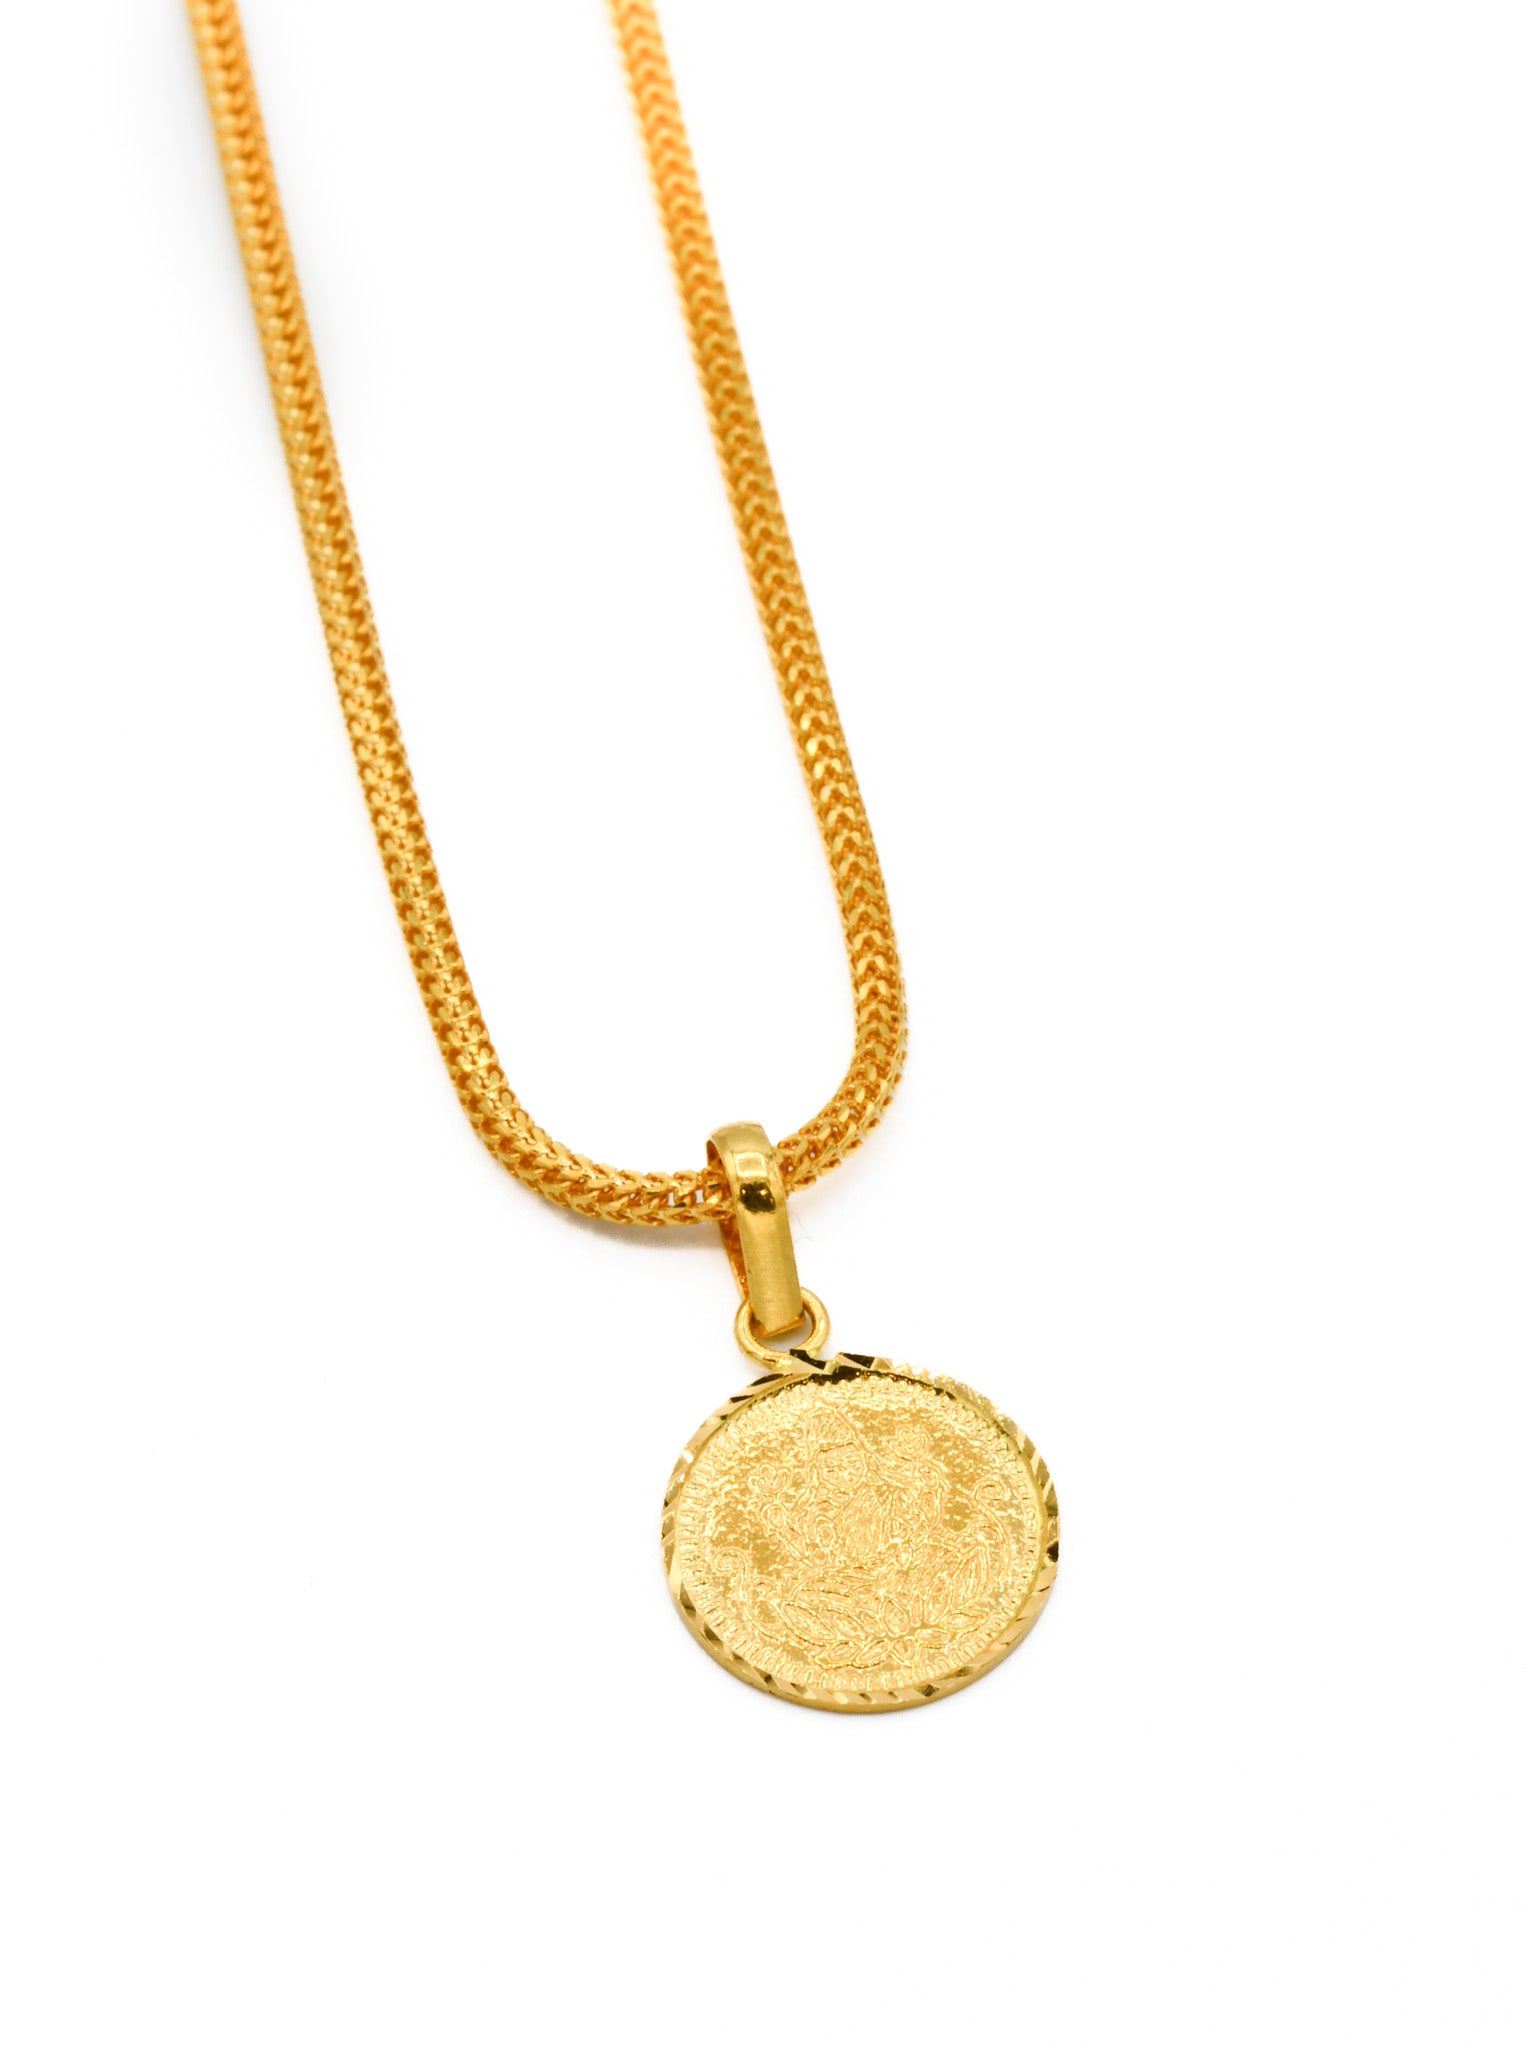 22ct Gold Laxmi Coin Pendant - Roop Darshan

--

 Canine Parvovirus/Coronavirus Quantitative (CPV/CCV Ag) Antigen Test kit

--

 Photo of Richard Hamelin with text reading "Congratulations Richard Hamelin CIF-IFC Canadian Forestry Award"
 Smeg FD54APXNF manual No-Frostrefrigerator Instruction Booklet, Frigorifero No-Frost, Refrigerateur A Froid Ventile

_Exercise requirements_
Of all the entries above, repeat only the lines from the line that has "Photo of Richard" to the line that has "Smeg FD54APXNF manual", both lines included, exactly.

_Output below_
 Photo of Richard Hamelin with text reading "Congratulations Richard Hamelin CIF-IFC Canadian Forestry Award"
 Smeg FD54APXNF manual No-Frostrefrigerator Instruction Booklet, Frigorifero No-Frost, Refrigerateur A Froid Ventile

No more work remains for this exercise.